## Exercise requirements
Restate the listing below line for line and word for word, without the pictures.

## Data
>>>>>
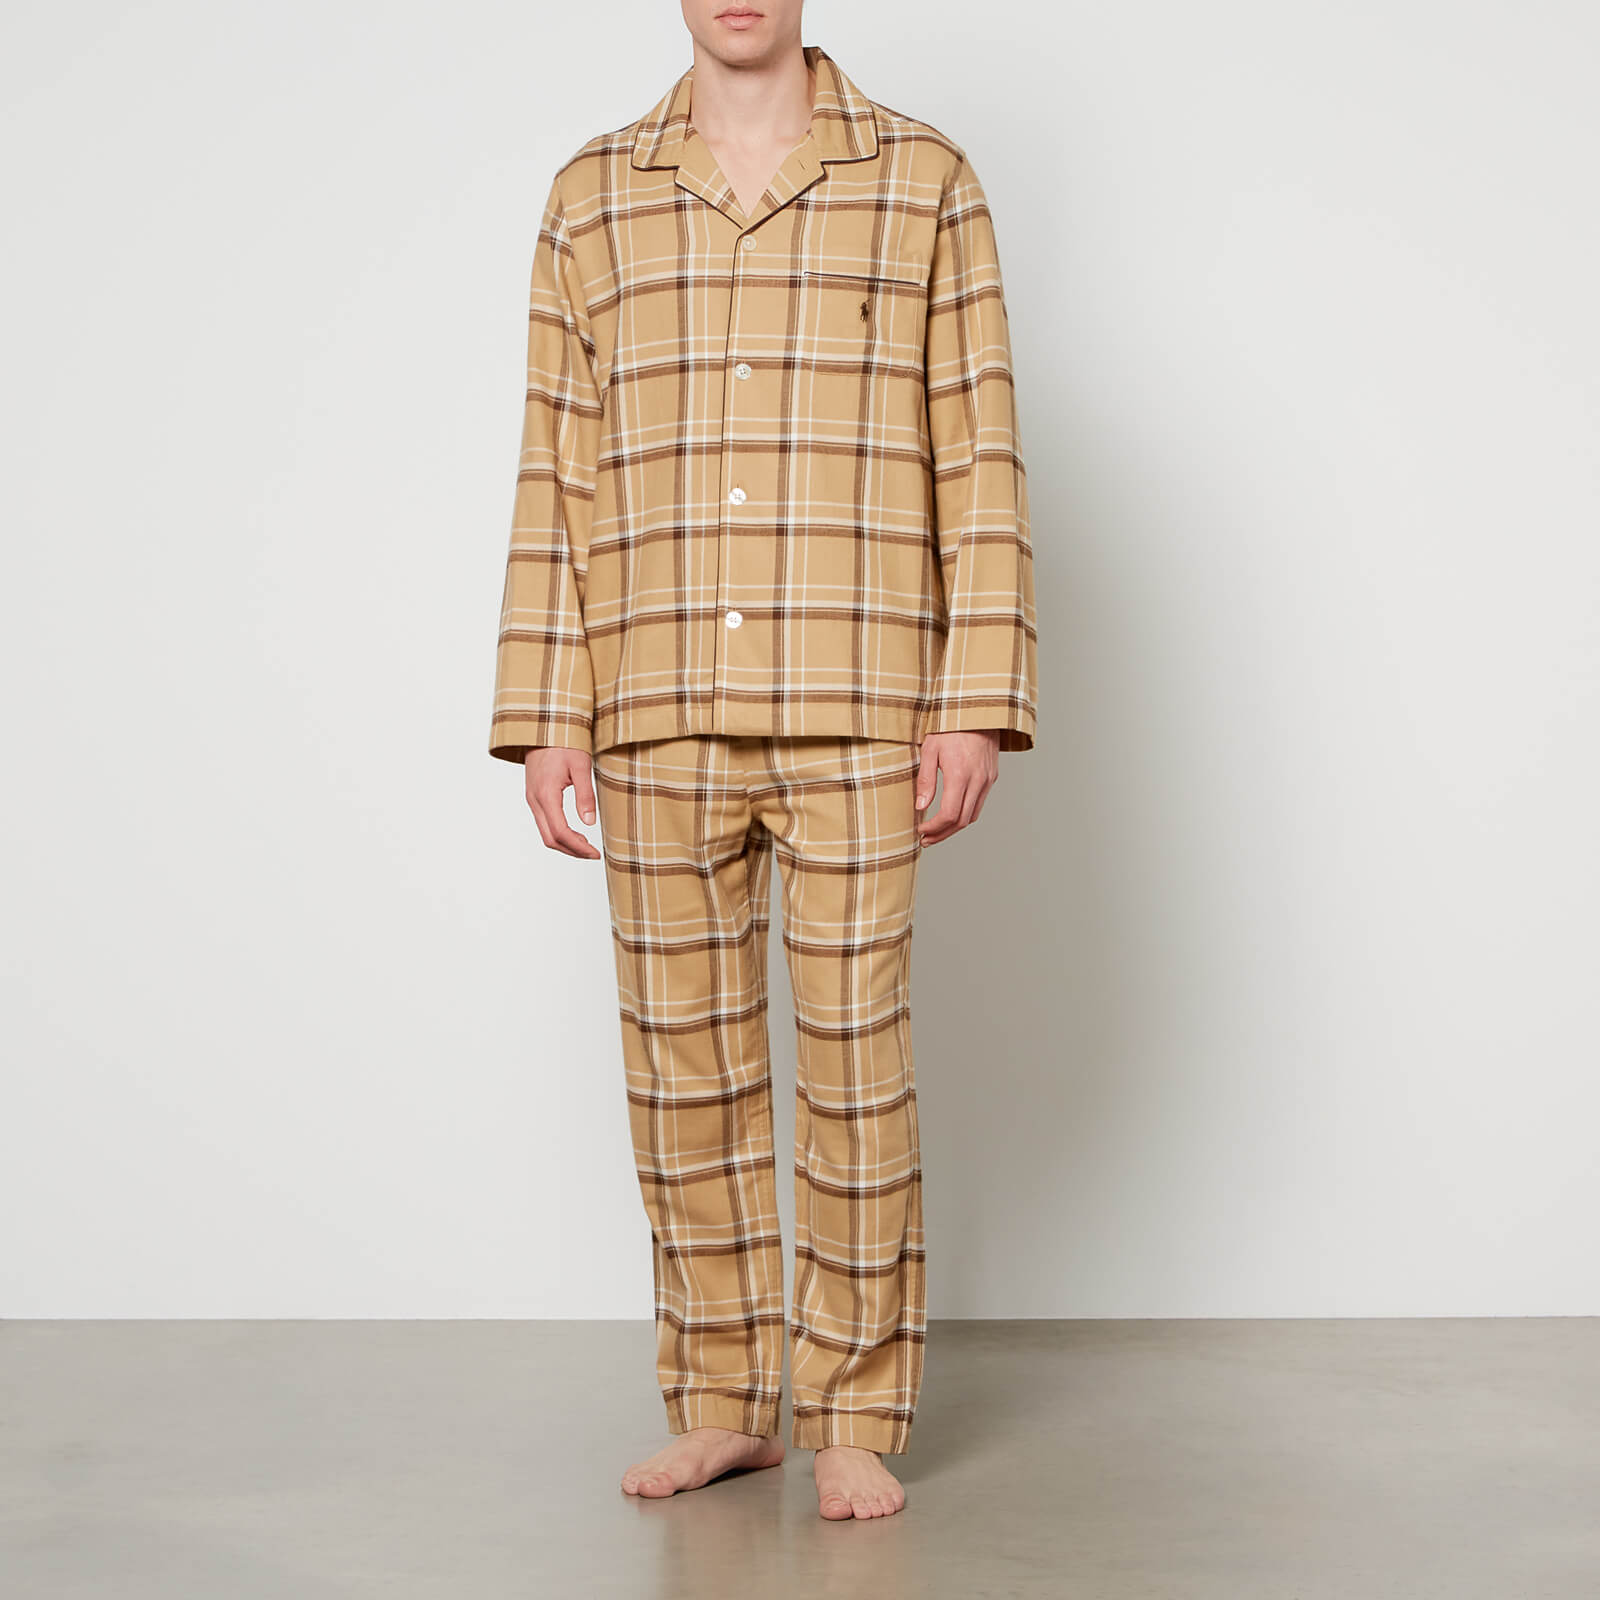 Polo Ralph Lauren Men's Long Sleeve Pajama Set - Khaki Brown Multi Plaid - S
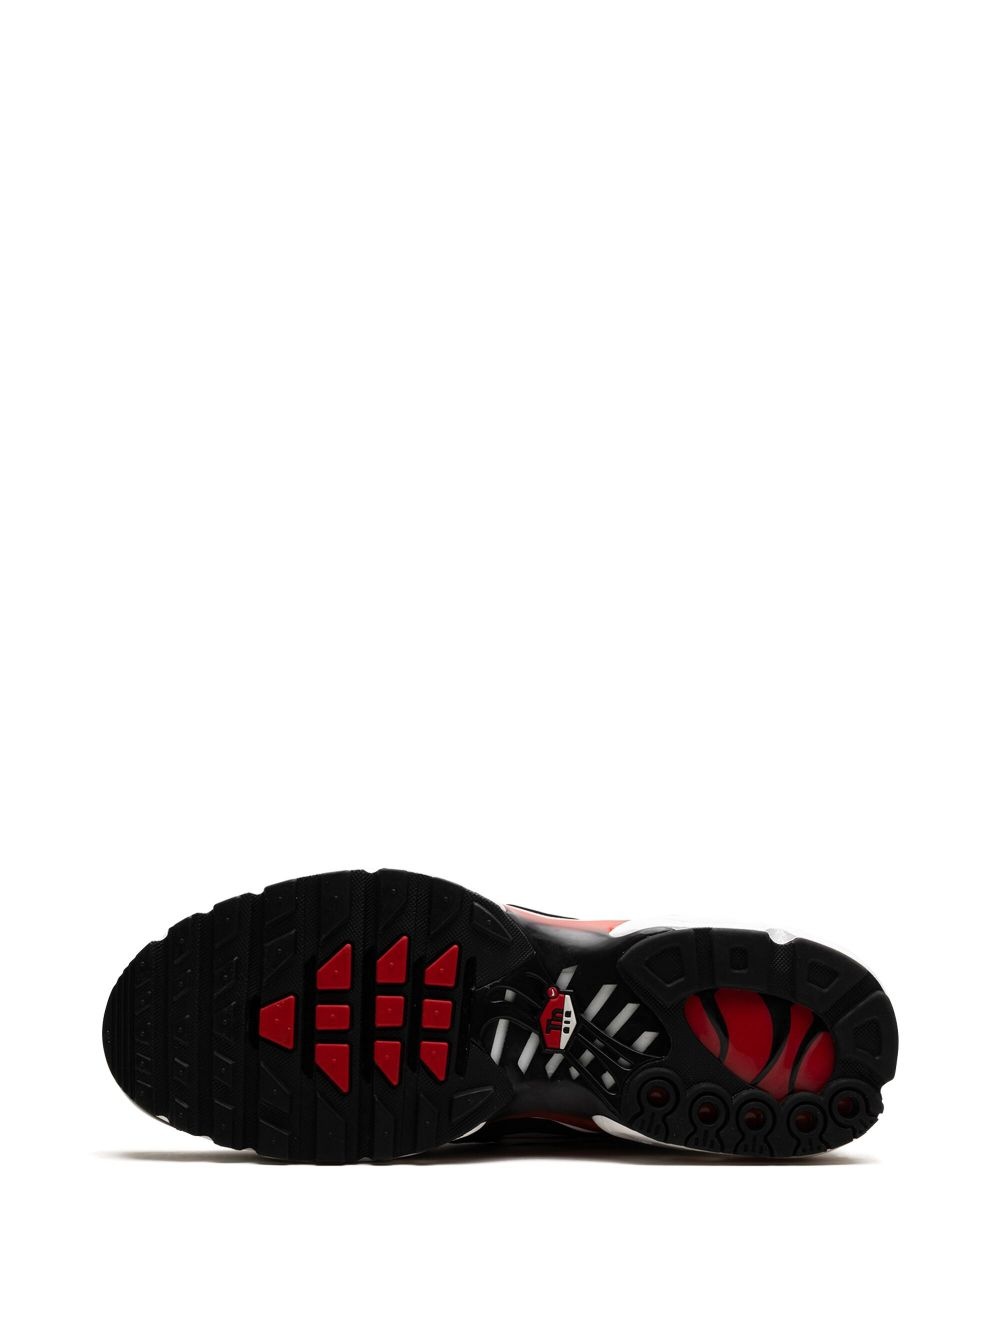 Air Max Plus "Black/White/University Red" sneakers - 4
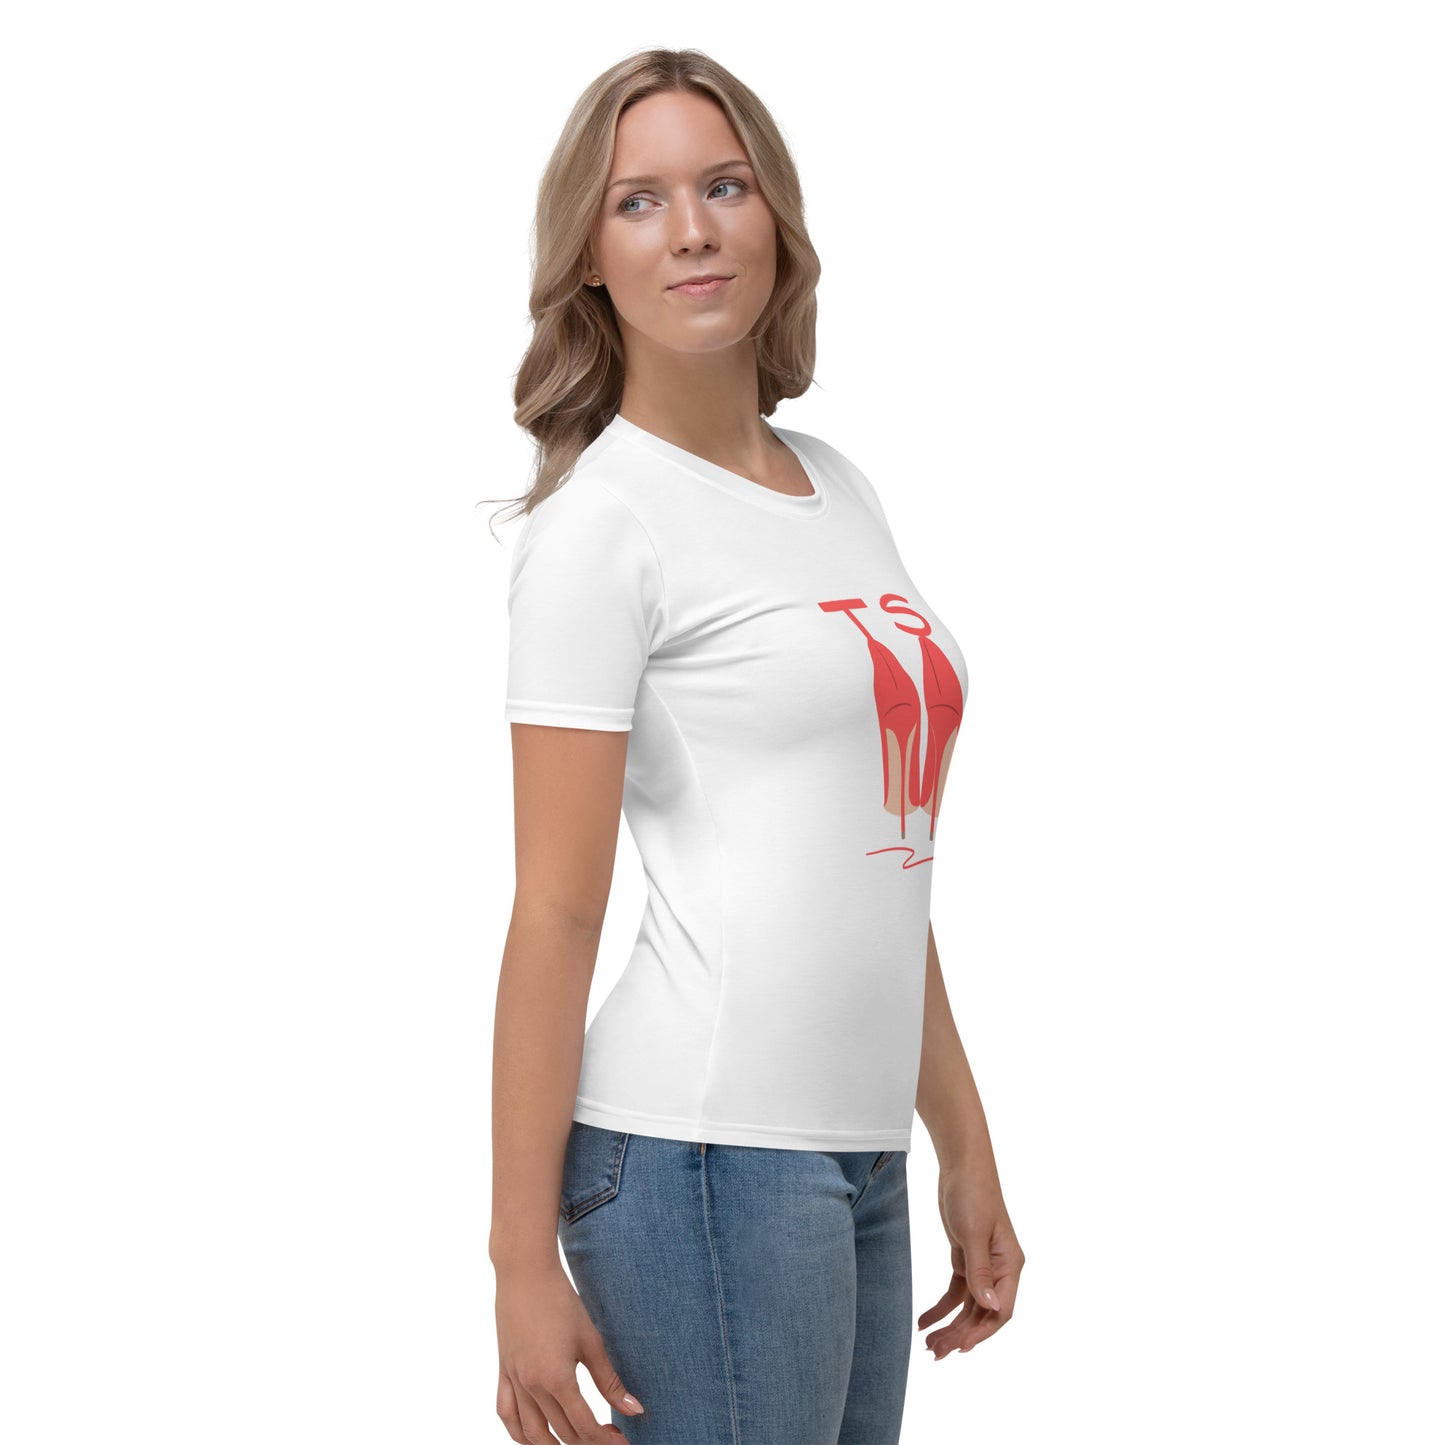 "Tacones Sabios" Women's T-Shirt (Wide Front)
<<<<<
## Response to this task
 Polo Ralph Lauren Men's Long Sleeve Pajama Set - Khaki Brown Multi Plaid - S
 Air Max Plus "Black/White/University Red" sneakers - 4
 "Tacones Sabios" Women's T-Shirt (Wide Front)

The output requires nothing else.